I am looking at a plum. I like looking at things. I think that’s why I became an artist. For me, there is this pure pleasure sometimes in just sitting and staring at an object, a scene, a person, a patch of light on the wall. I’m like a cat. Or I can be. Because most of the time, when we are looking at things, we are not really looking. We are seeing it, but we are preoccupied with our thoughts and our internal vision. Our construct of time is telling us what we have done, or what we are going to be doing in the future. Our thoughts might attach layers of meaning to the thing, whether or not that meaning needs to be there. But we hardly ever take the time to engage ourselves purely within the act of seeing.

And as I look at this tiny plum, I realize I never saw before how, even though it is more red on one side, fading to a light green on the other, there are these green-gold speckles all over the skin that are the same throughout. Have all plums always been like this? The seem like marks of the sun, carriers of its energy. They even have little dark borders that set them off from the rest of the skin. But they are not any bumpier than the skin. They are part of it. Smooth, unbroken. Only in that rift from top to bottom do those speckles merge into streaks of color. The line is smooth, but there are streaks. Green, green, and one shot of red. It is the fruit’s center line. It is its scar. It is its badge of authenticity and existence. It means it’s real.

As hold, it, I am captivated by the place where the plum’s red skin rests against my thumb.
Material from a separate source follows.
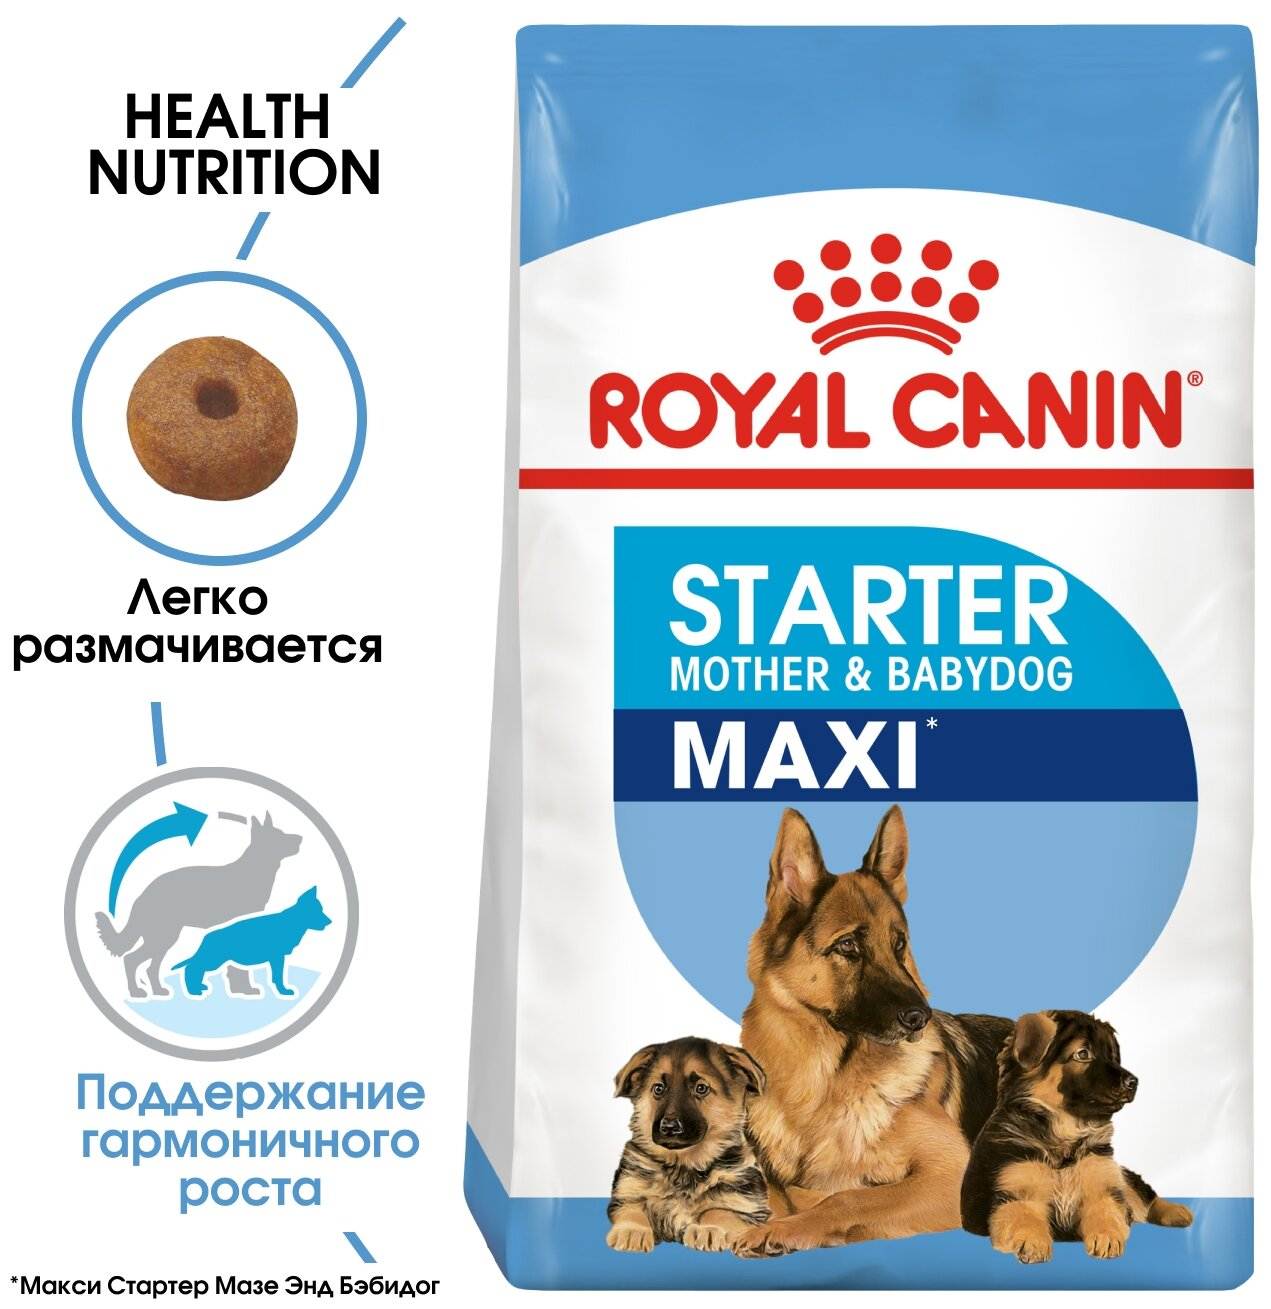 All dogs - высококачественные корма датского производства для собак любых пород

I see the deep flesh-colored shadow, and the reflection of my thumb on its surface. I see how the light defines the lines on my fingertip. I close one eye. Then the other. Getting the different perspectives. I close both eyes, and open them again, comparing the vision. With each eye, I can see that there are three dimensions, but those dimensions don’t assert themselves until both eyes are open. I think about hologram images and how the superimposition of two slightly different points of view gives us our sense of existing in space. How brilliant to have that every day, without even thinking about it. And by concentrating with both eyes open, I can see that it is in fact the slight discrepancy between each eye that makes the thing look more real. It is not where the visions match but where they don't that gives it depth. It makes the plum's roundness and colors pop. It gives my thumb a sense of life. It’s exciting. I think, an artist who can capture that would be a brilliant artist indeed.

That is what art is after, is it not? But what is it that really needs to be captured? It’s not the image itself. That would be flat. Rather it would be the space between, the missing thing, the discrepancy - that is what would give it life. That disjointed, flexible image created by the space between our eyes. The subtle jarring of two images coming together but not quite matching. And the space between it and you. It and everything else. The negative creates the positive.

This is true in so many ways.

And at the Tikkun Leyl Shavuot that I went to at the beginning of June, there was a teaching on the mystery of the giving of the Torah. And the teacher spoke of three Rabbis who all gave their opinion on how and why and what it was about Moses’ encounter with G-d that gave his face that special radiance as he came down from the mountain. One of the Rabbis said that Moses held the tablets with his two hands and it took up one third of the space to hold the tablets. And G-d held the tablets with His Two Hands, and it took up a third of the space. And the shining that flowed through Moses, the Rabbi said, came from the space between them, that extra third space.

It sounds bizarre, but why couldn't it be true? It seems to me, it is true about the plum. because it is like the space between our eyes. The space between one person and another, one thing and something else. It is the thing we don't see that makes the seen possible. The negative gives us life, breadth and depth, and separation yields connectedness.